Overcoming Memory Constraints in Quantum Circuit Simulation with a High-Fidelity Compression Framework

TL;DR

BMQSim is a novel quantum circuit simulation framework that uses lossy compression and circuit partitioning to significantly reduce memory usage while maintaining high fidelity and comparable performance.

Contribution

It introduces a GPU-based lossy compression technique with error control and a memory management system, enabling efficient simulation of larger quantum circuits.

Findings

Over 10x reduction in memory usage on average

Fidelity over 0.99 maintained

Comparable simulation time to state-of-the-art tools

Abstract

Full-state quantum circuit simulation requires exponentially increased memory size to store the state vector as the number of qubits scales, presenting significant limitations in classical computing systems. Our paper introduces BMQSim, a novel state vector quantum simulation framework that employs lossy compression to address the memory constraints on graphics processing unit (GPU) machines. BMQSim effectively tackles four major challenges for state-vector simulation with compression: frequent compression/decompression, high memory movement overhead, lack of dedicated error control, and unpredictable memory space requirements.
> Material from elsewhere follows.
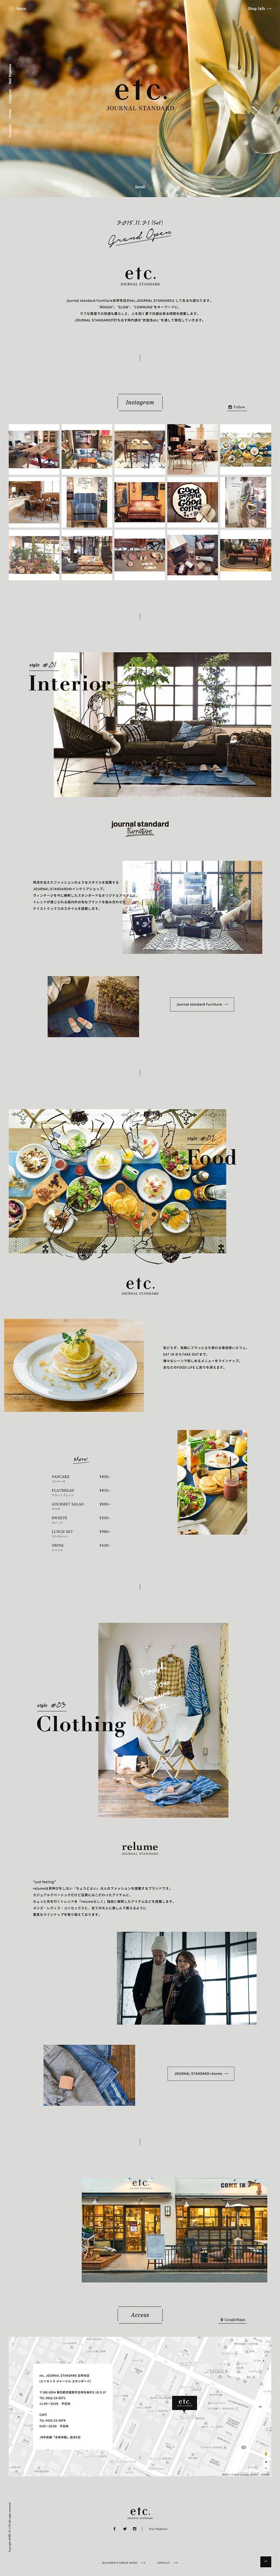 http://etc.journal-standard.jp/

Our work proposes an innovative strategy of circuit partitioning to significantly reduce the frequency of compression occurrences. We introduce a pipeline that seamlessly integrates compression with data movement while concealing its overhead. Additionally, BMQSim incorporates the first GPU-based lossy compression technique with point-wise error control. Furthermore, BMQSim features a two-level memory management system, ensuring efficient and stable execution. Our evaluations demonstrate that BMQSim can simulate the same circuit with over 10 times less memory usage on average, achieving fidelity over 0.99 and maintaining comparable simulation time to other state-of-the-art simulators.